Decoding PSOD (Purple Screen of Death) of ESXi to find initial cause of crash

What is the VMkernel?

The VMkernel is the operating system core of ESX/ESXi. The kernel handles resource scheduling and device IO. Device IO is handled by the VMware network and storage stacks, which serves as a layer between the virtual file system, network devices and the device drivers that control physical devices.

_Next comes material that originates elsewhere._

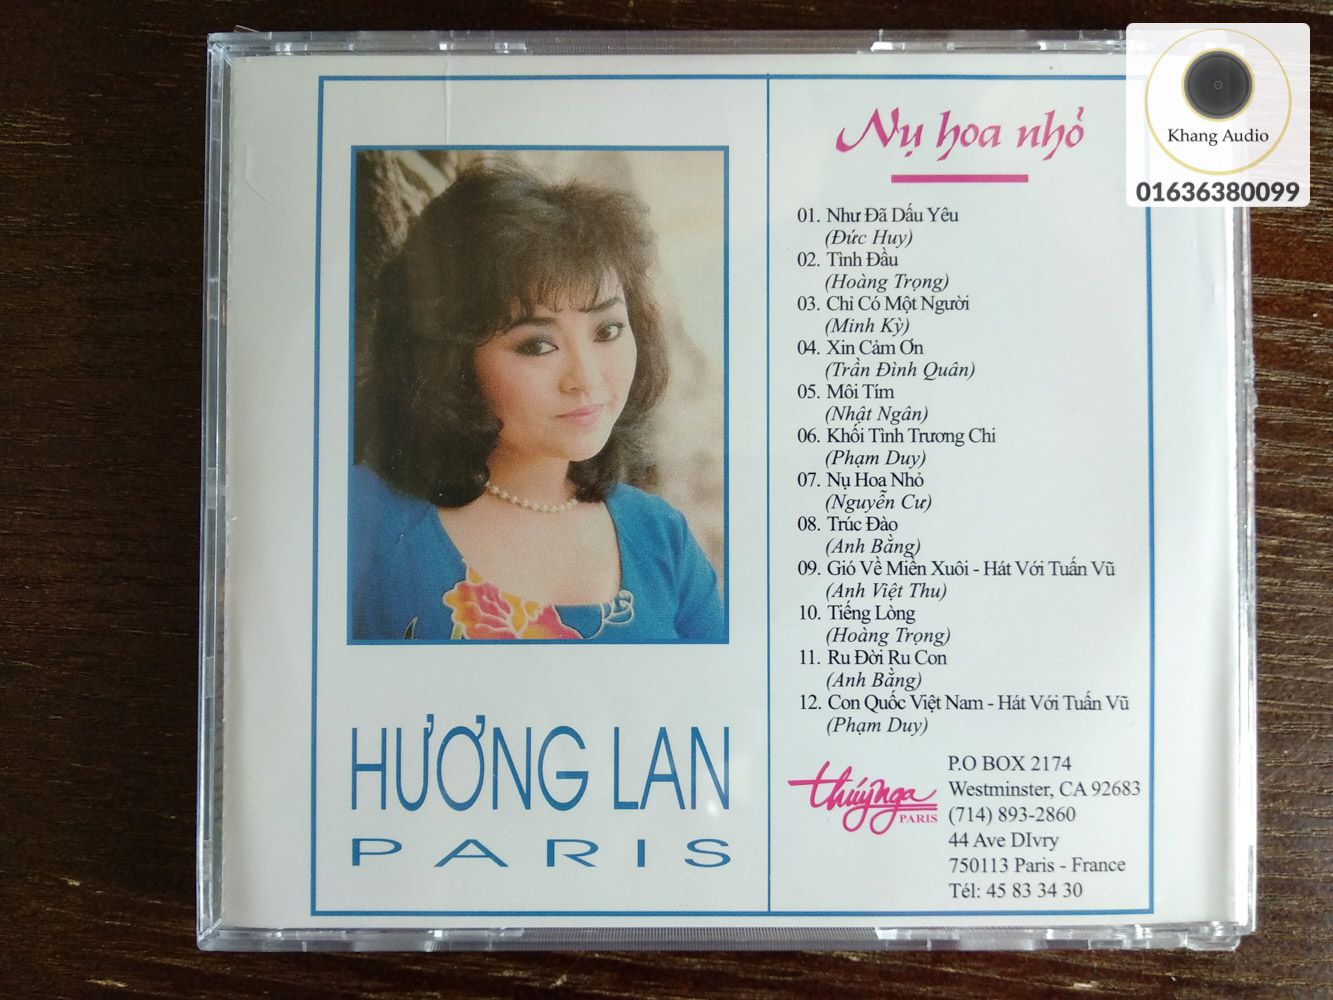 Nụ Hoa Nhỏ - Hương Lan Khang Audio 0336380099

Interpreting the purple diagnostic screen:

  • 1st line will show the ESXi version alongwith Build Number. This is required to correctly identify cause.
  • 2nd line will show error message. In this case error message is:

CPU 52 / World 68776 tried to re-acquire lock

  • Next is CPU registers which are values present in physical CPU when error occurred.
  • PCPU in case of ESXi 6.5 and *<n> where n = 0,1,2.. will identify the physical CPU of ESXi host which was running the instruction during the error occurred.
  • VMK Uptime will show uptime of host. It can be in starting or at the end of trace. This section indicates how long a server is running since the last boot. In this example, the ESX host was running for 7 days, 15 hours, 54 minutes and 58.089 seconds. In older ESXi, The TSC value is the number of CPU clock cycles that have elapsed since the server was started.
  • Error stack trace – The stack represents what the VMkernel was doing at the time of the error.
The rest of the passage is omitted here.